The Question Nobody Answers Clearly
The short version: 59% of NZ businesses were attacked last year and the average incident costs $530,000 — yet only 31% of small and mid-sized businesses have formal security policies. A structured vCISO programme builds a complete, measurable security programme in 12 months for a fraction of the cost of one incident. Book a free consultation to see what the first 90 days look like. Read on for the full month-by-month breakdown.
Every business leader who has considered cybersecurity investment eventually asks the same question: what does a security programme actually look like for a company our size?
The cybersecurity industry consistently fails to answer in plain terms. Instead, buyers are presented with frameworks, acronyms, capability models, and vague promises of "risk reduction." For a managing director running a 50-person company in New Zealand, that is not helpful. You want to know what happens, when it happens, and what you walk away with.

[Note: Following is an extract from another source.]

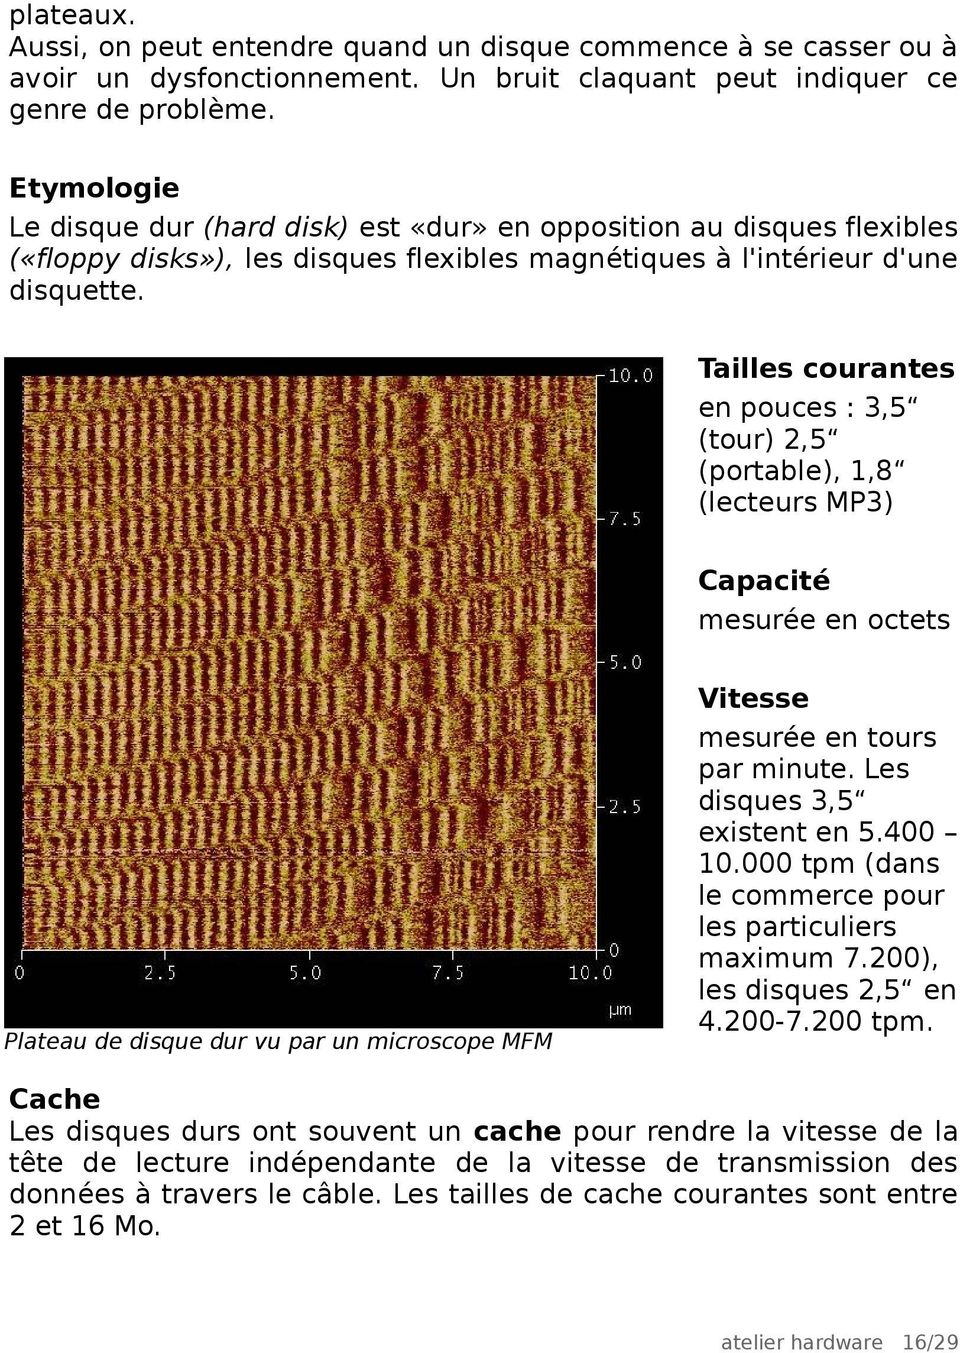 Tailles courantes en pouces : 3,5 (tour) 2,5 (portable), 1,8 (lecteurs MP3) Capacité mesurée en octets Plateau de disque dur vu par un microscope MFM Vitesse mesurée en tours par minute.

The numbers paint a stark picture of why this matters. According to Kordia's 2025 New Zealand Cyber Resilience Report, 59% of New Zealand businesses experienced a cyber attack or incident in 2024. The average cost of a cyber incident for a New Zealand small or mid-sized business sits at approximately $530,000 (Kordia, 2024). Yet only 31% of New Zealand small and mid-sized businesses have formal IT policies in place (ASI/NZ research). There is a significant gap between awareness and action.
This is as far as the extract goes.